I don't see any difference between a board planed with a standard angle frog and the 55 degree high angle frog, so the high angle frog offers better performance (for me) with the only downside being that it is harder to push (I consider it a good workout).

As an aside, I have the Lie-Nielsen Low Angle Jack Plane which I use mostly for roughing out stock. The blade I use most with this plane has a heavy camber and I can adjust the mouth to take a very aggressive cut, plus it is very easy to push (bevel up). After that, I follow up with my #7 (with the 55 degree HAF) and almost don't need to go to my #4 or #4 1/2. The only reason I do follow up with a smoother is to lessen the valleys created by the camber on my jointer (my smoother also has some camber, but it is very slight). I have the toothed blade for my Low Angle Jack and have never used it, any problems created during the roughing stage are quickly solved once I switch to my jointer. The reason I originally switched to using planes with the 55 degree HAF had to do with one of the spare blades for my Low Angle Jack; I sharpened the secondary bevel on that blade to 50 degrees which made the overall angle 62 degrees (the blade is bedded at 12 degrees). The results spoke for themselves, so I made the switch.

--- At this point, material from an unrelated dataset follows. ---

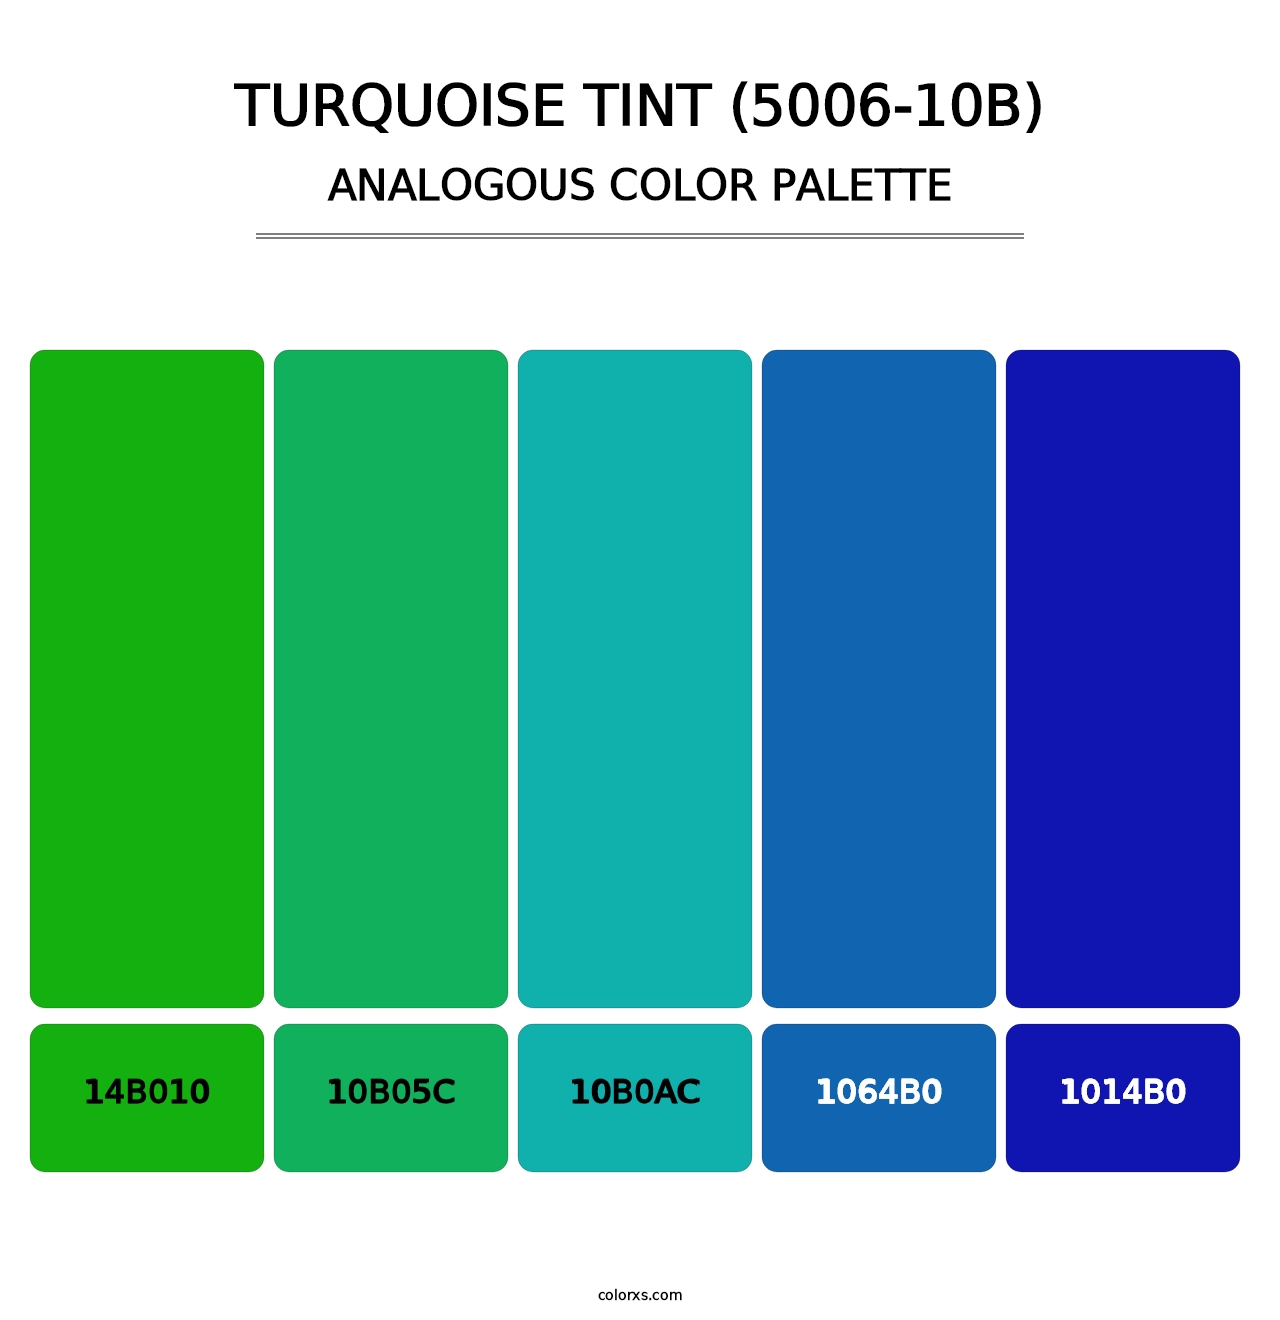 Turquoise Tint (5006-10B) - Analogous Color Palette
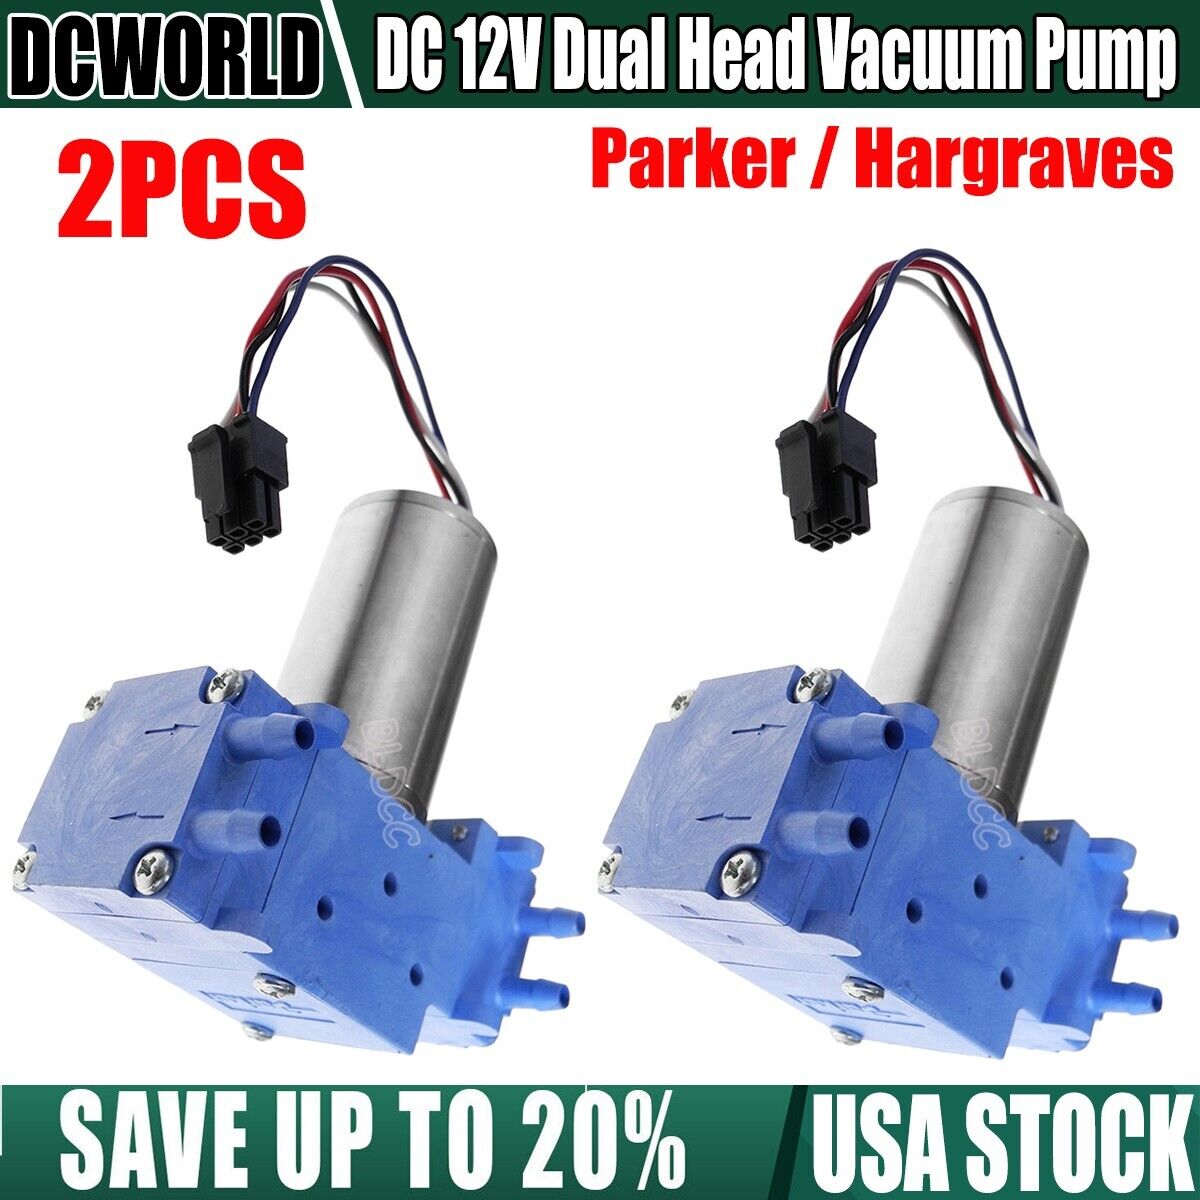 2PCS Parker / Hargraves DC12V Dual Head Brushless Air Pump Vacuum Diaphragm Pump

Sorry for the long winded reply; someone who is more educated about the differences in frog angles would have probably given a more concise reply.

Steven


----------



## paratrooper34 (Apr 27, 2010)

Steven, I appreciate the long winded reply. Makes total sense as to me now why you use them. Thanks!


----------



## donwilwol (May 16, 2011)

I was going to ask the same question Mike. The high angle is sweet as a smoother. I'll bet that #7 is great on table tops.


----------



## kokomoron (Feb 25, 2013)

I have a 608 . I love it and use it a lot.


----------



## kokomoron (Feb 25, 2013)

Reedwood.. I appreciate your concern, but 608s are not particularly rare pieces of our cultural heritage. I'd say if a guy wants to drill holes for a fence, it is a tool after all. A lot of the hole drilling was done before the baby boomers got into the market and turned tools into relics.


----------



## reedwood (Jan 27, 2011)

This # 7 SW was worth around 75.00 before someone drilled it.

... maybe worth 15.00 for parts now.


----------